Winter Olympics appearances (overview)
- 1984; 1988–2010; 2014; 2018–2022; 2026; 2030;

= British Virgin Islands at the 1984 Winter Olympics =

The British Virgin Islands sent a delegation to compete in the 1984 Winter Olympics in Sarajevo, Yugoslavia from 8–19 February 1984. This was the first time the territory had participated in Olympic competition. The British Virgin Islands delegation consisted of a single speed skater, Erroll Fraser. His best performance in any event was 40th in the 500 metre race.

==Background==
The British Virgin Islands Olympic Committee was recognized by the International Olympic Committee on 31 December 1981. The 1984 Sarajevo Games were the first Olympics, Summer or Winter, the British Virgin Islands ever competed in.
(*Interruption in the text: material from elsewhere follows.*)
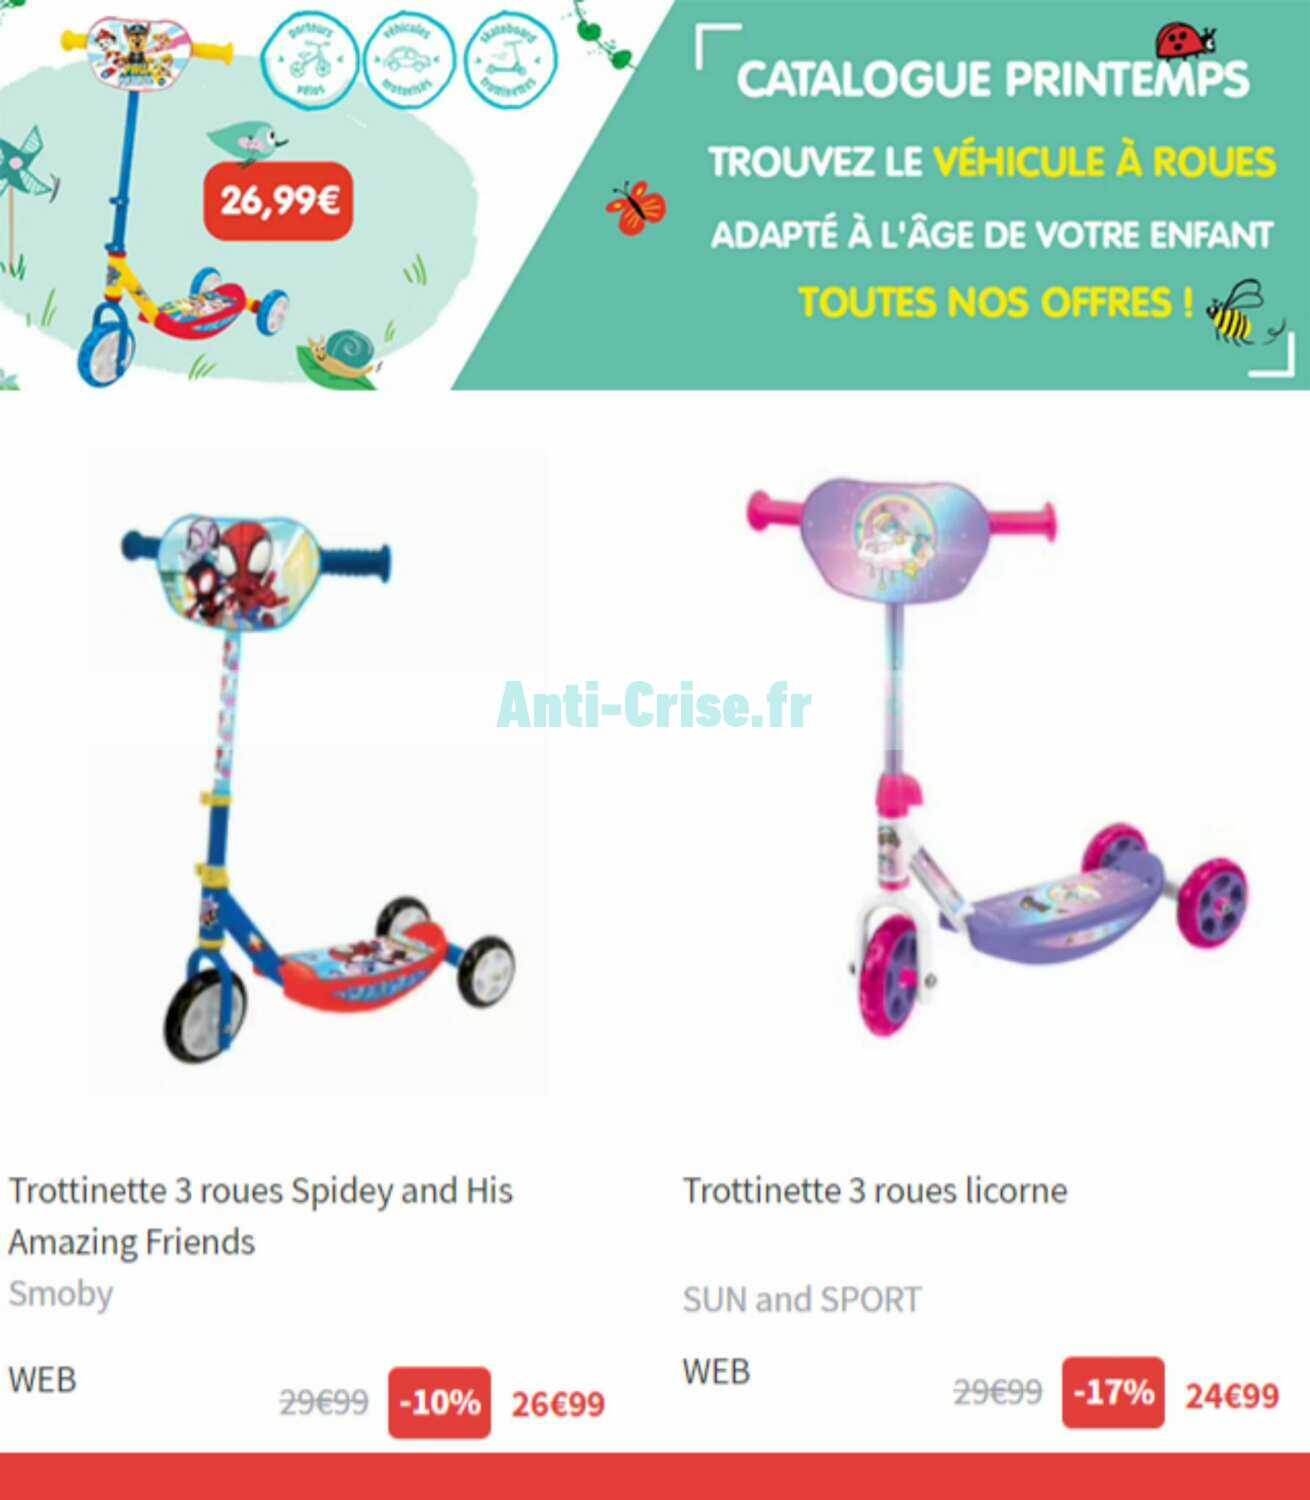 Trottinette 3 roues licorne SUN and SPORT : King Jouet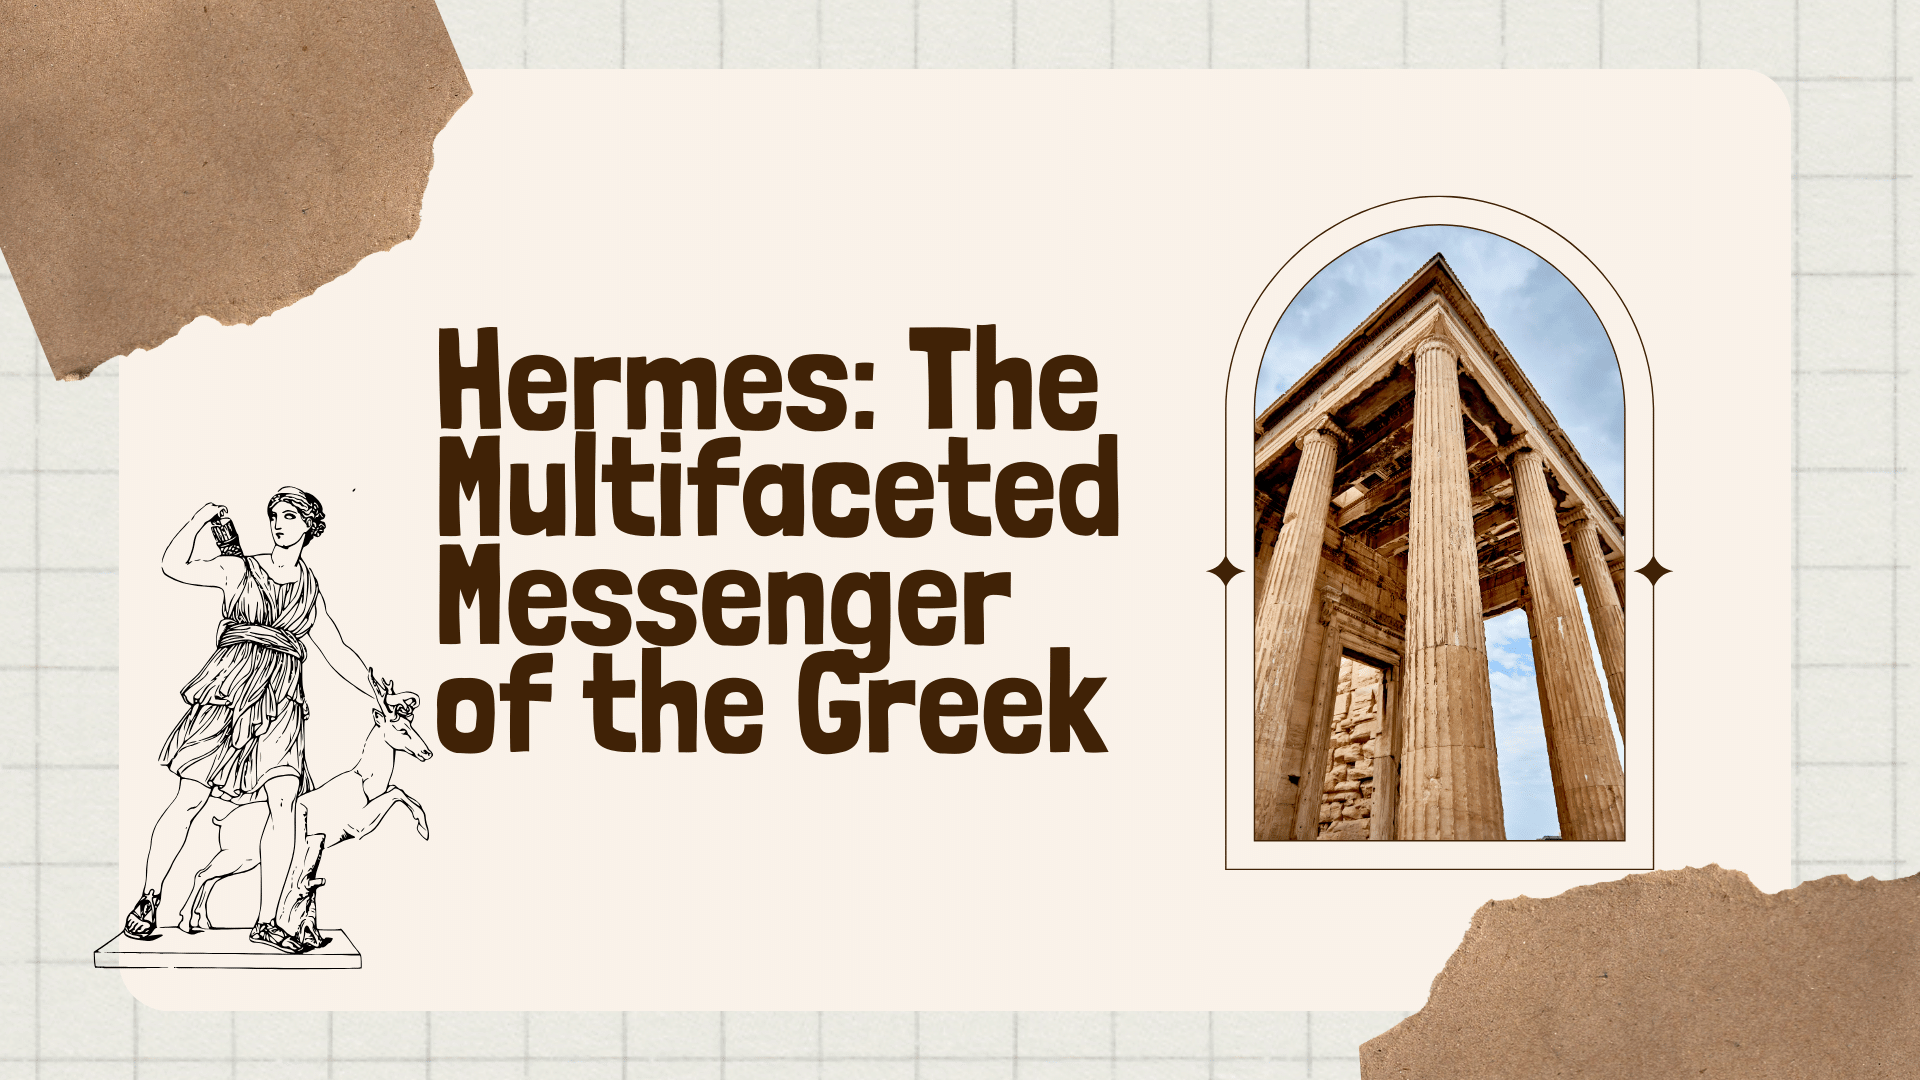 Hermes: The Multifaceted Messenger of the Greek

While their participation at the Summer Olympics has been steady, it would take 30 years before the British Virgin Islands participated in another Winter Olympic Games, in 2014. The British Virgin Islands delegation to Sarajevo consisted of a single athlete, speed skater Erroll Fraser. He was the flag bearer for the opening ceremony.

==Speed skating==

Erroll Fraser was 33 years old at the time of the Sarajevo Olympics, and is a native of the British Virgin Islands. On 10 February, he took part in the 500 metres race, setting a time of 43.47 seconds, which was a little over 5 seconds behind the gold medal time. He finished in 40th place, out of 42 competitors. In the 1,000 metres race, held on 14 February, he finished with a time of 1 minute and 30.59 seconds, which put him next to last in 42nd position.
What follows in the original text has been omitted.